Serotonin Antagonists

These drugs specifically inhibit 5HT3 receptors located along the vagus nerve and in the CRTZ. These receptors are stimulated by serotonin released from enterochromaffin cells within the small intestine in response to mucosal damage. This explains why ondansetron and dolasetron are effective at controlling vomiting caused by radiation and chemotherapy in dogs and cats, but are not effective at controlling motion-sickness induced vomiting. Other indications include gastritis, pancreatitis, parvovirus and uremia.


Butorphanol has been shown to have some anti-emetic properties by blocking К and Ω receptors located within the vomiting center in both dogs and cats.


Chlorpromazine and acepromazine have dopamine receptor blacking and histamine receptor properties in the CRTZ at low doses. At higher doses, they have been shown to have anticholinergic properties within the vomiting center. Adverse effects, especially in dogs are common and fluid therapy should be given concurrently to compensate for the vasodilatory effects of these drugs.

Neurokinin Antagonists

Neurokinin (NK1) antagonists are now commonly used in veterinary medicine for vomiting. Maropitant acts by inhibiting substance P in the central nervous system. Substance P is the main neurotransmitter involved in stimulation of the vomiting center. Maropitant is therefore effective against both peripherally and centrally mediated vomiting.

Other Drugs

Centrally mediated vomiting may also be controlled by other medications. Yohimbine works in both dogs and cats by pure α2-adrenergic-antagonist action. Diazepam is thought to have effect on the vestibular system and controls nausea and vomiting in humans. Studies in animals models show diazepam may also be effective in our patients. Corticosteroids have anti-emetic effect in people and dogs undergoing chemotherapy. While the physiology is poorly understood, the mechanism is believed to include the activation of receptors in the emetic center within the medulla, especially in cats. Propofol may reduce serotonin concentration in the CRTZ by 5-HT3 serotonin receptor antagonism and Υ-aminobutyric acid activity. This alkylphenol derivative is used for chemotherapy induced vomiting control in people when seratonin antagonists or dexamethasone are not effective. It’s anti-emetic properties are uncertain in veterinary medicine. Mirtazapine, an antidepressant piperazinoazepine medication, is also used for chemotherapy-induced nausea in humans. It is more commonly used as an appetite stimulant in dogs and cats. It exerts anti-emetic effects by blocking presynaptic α2-receptors, blocking serotonin receptors, acting as a strong 5-HT2 and 5-HT3 serotonin receptor antagonist, acting as a weak 5-HT1 serotonin receptor antagonist and by exhibiting H1-histamine antagonist activity.

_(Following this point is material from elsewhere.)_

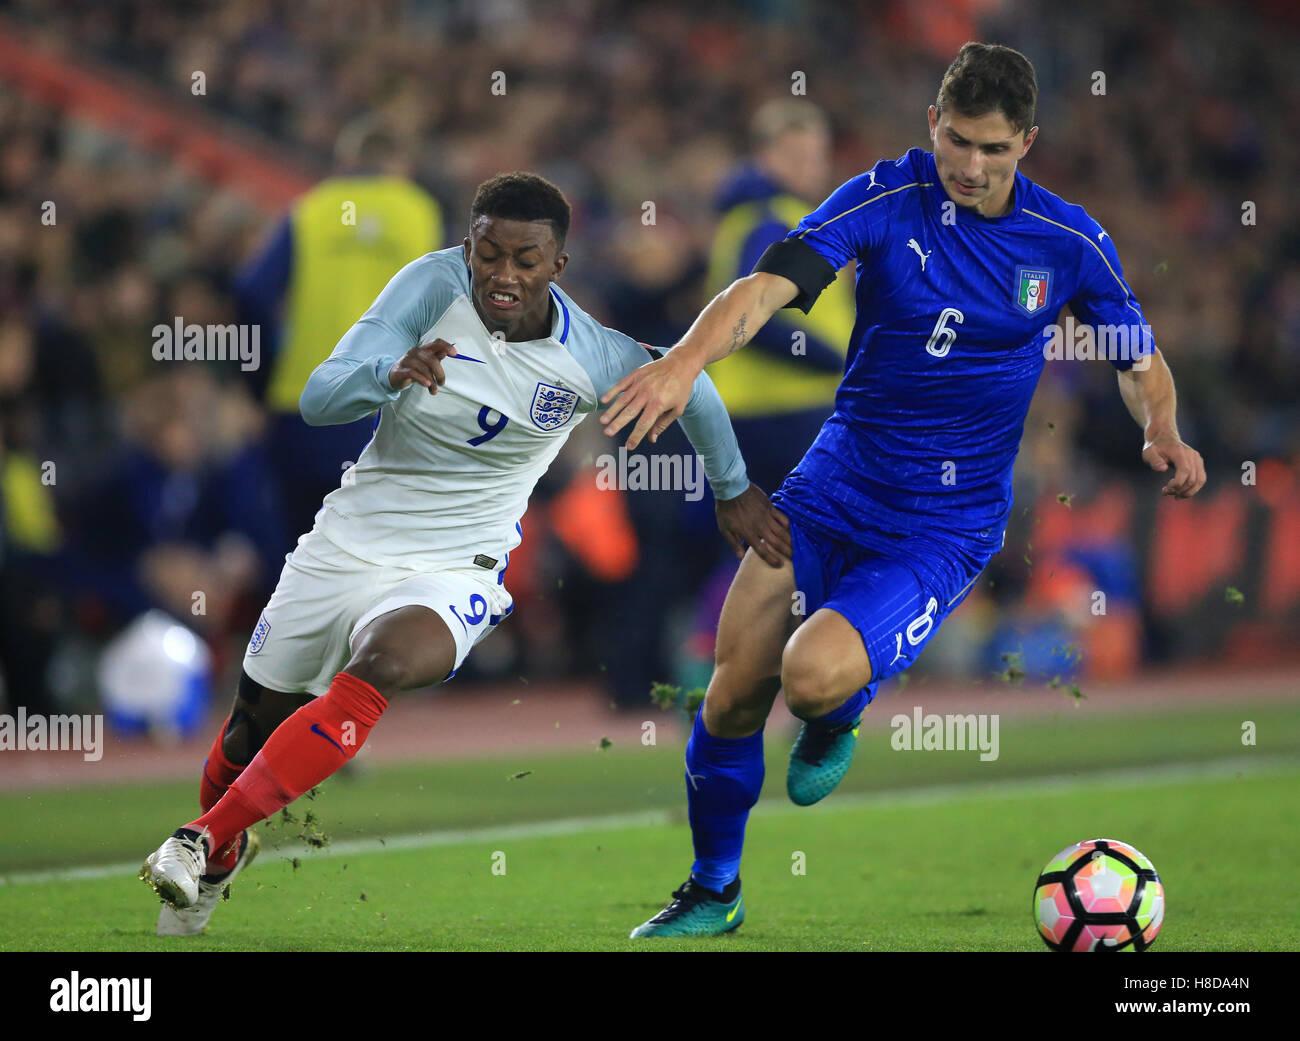 England U21's Demarai Gray (left) and Italy U21's Mattia Caldara battle for the ball during the International - Stock Image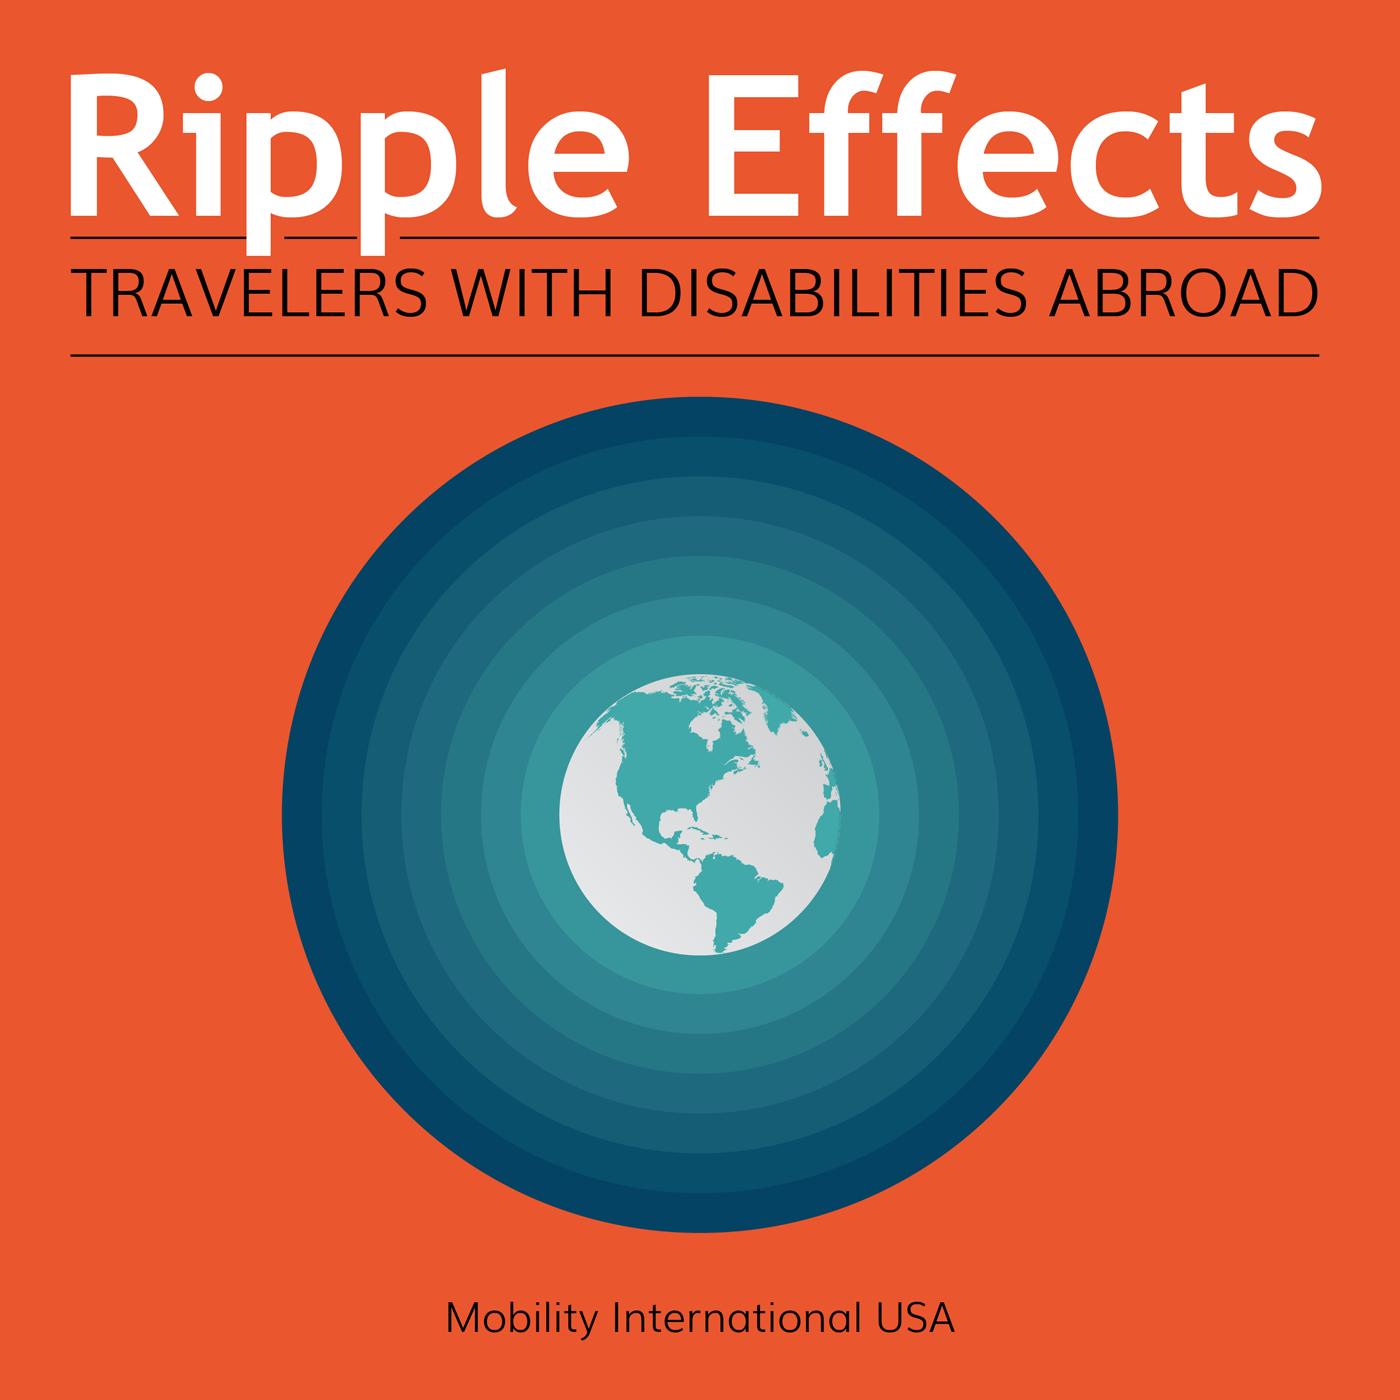 Ripple Effects

Anti-emetic therapy is implemented by many of us daily in veterinary medicine. Determination of the cause of vomiting in each patient is essential for directed and appropriate anti-emetic therapy. A thorough history, physical examination and diagnostics to determine the cause of vomiting must be performed as much as possible for each patient in order to safely and effectively manage vomiting. Correct use of current dosing regimens (found easily in veterinary formularies) should also be verified. In patients where the cause remains undetermined and the vomiting remains refractory, combinations of anti-emetics may be used, but the importance of further diagnostics to obtain a definitive diagnosis must be emphasized.